Trotz der beschränkten wirtschaftlichen Bedeutung für die eigenen Unternehmen stehen die Zulieferer in Treue fest zur deutschen Atomkraft. Dabei spielt wohl auch die eigene Biografie eine Rolle. "Als Ingenieur, der seit Jahrzehnten mit Kernkraft arbeitet, fällt es mir oft schwer, die Entscheidungen der deutschen Politik nachzuvollziehen", sagt Areva-Ingenieur Uwe Stoll, der einst am Moskauer Energetischen Institut studiert hat und heute in der Reaktorsicherheitskommission das Bundesumweltministerium berät. Dass auch die Demontage von Atomkraftwerken ein gutes Geschäft ist, spielt für ihn keine Rolle. "Als Ingenieur baue ich lieber auf als ab", sagt er dazu nur.
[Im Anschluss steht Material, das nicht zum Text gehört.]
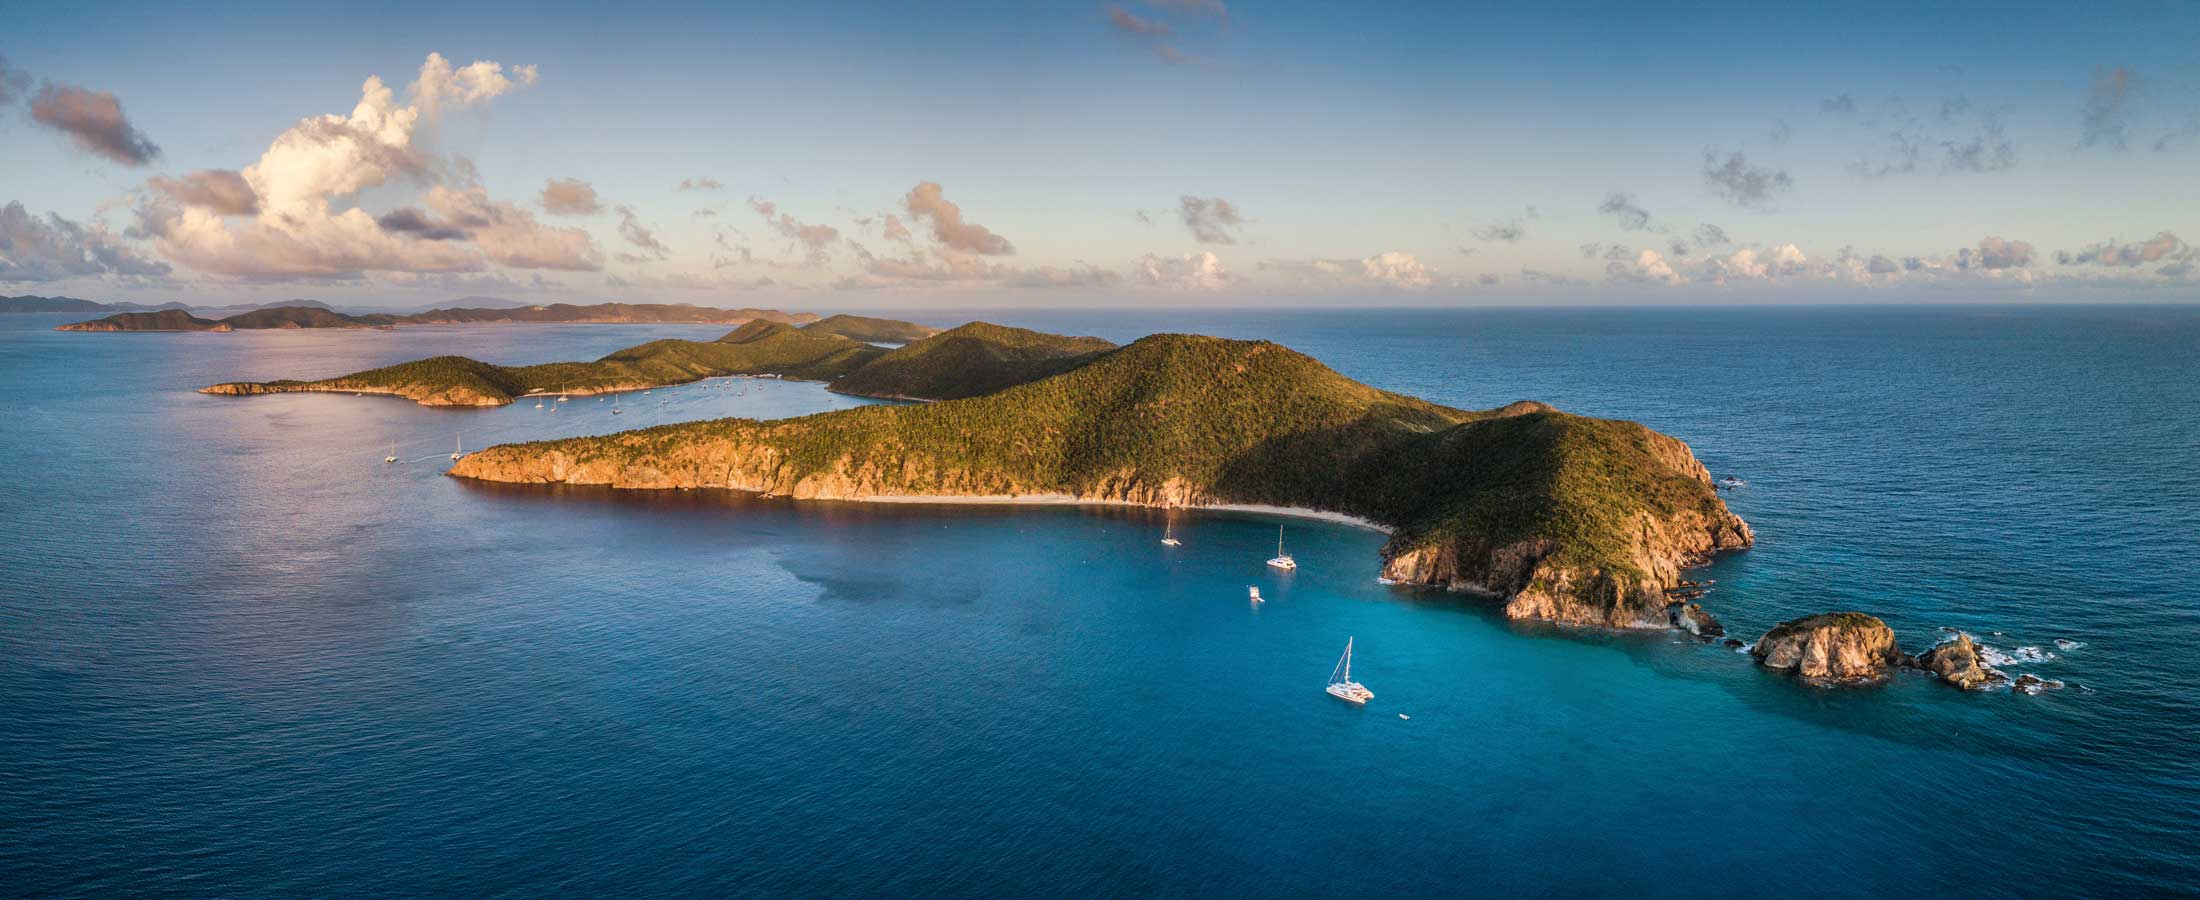 Caribbean British Virgin Islands (BVI) Yacht Charters

"Die Diskussion nur auf Arbeitsplätze zu reduzieren, ist zu kurz gegriffen", meint auch Areva-Sprecher Mathias Schuch. "Wir sind in Erlangen nicht nur der zweitgrößte Arbeitgeber, sondern auch ein wichtiger Auftraggeber für andere Unternehmen, ein großer Ausbildungsbetrieb und Sponsor für Sport und Kultur." Unter anderem als Hauptsponsor des 1. FC Nürnberg versucht der Atomkonzern, sich in der Region bekannt und beliebt zu machen.
Auch Wolfgang Steinwarz, der Geschäftsführer von Siempelkamp Nukleartechnik, will die Debatte nicht auf wirtschaftliche Aspekte beschränkt sehen. "Kernenergie ist für mich eine Lebensaufgabe", sagt der Ingenieur, der sein ganzes Berufsleben in der Nuklearbranche verbracht hat. "Da steckt auch Herzblut drin." Darum engagiert er sich ehrenamtlich für die Nachwuchsförderung, hält Vorträge an Universitäten, prämiert die besten Doktorarbeiten zum Thema Atomkraft. Die beschlossenen Laufzeitverlängerungen reichen dem Rheinländer nicht - er spricht sich offen für AKW-Neubauten auch in Deutschland aus.
Über die Branche der Erneuerbaren redet er trotz der wachsenden Bedeutung der Windkraft für die Krefelder Gießerei eher skeptisch: "Persönlich halte ich es für falsch, allein auf Sonne und Wind zu setzen."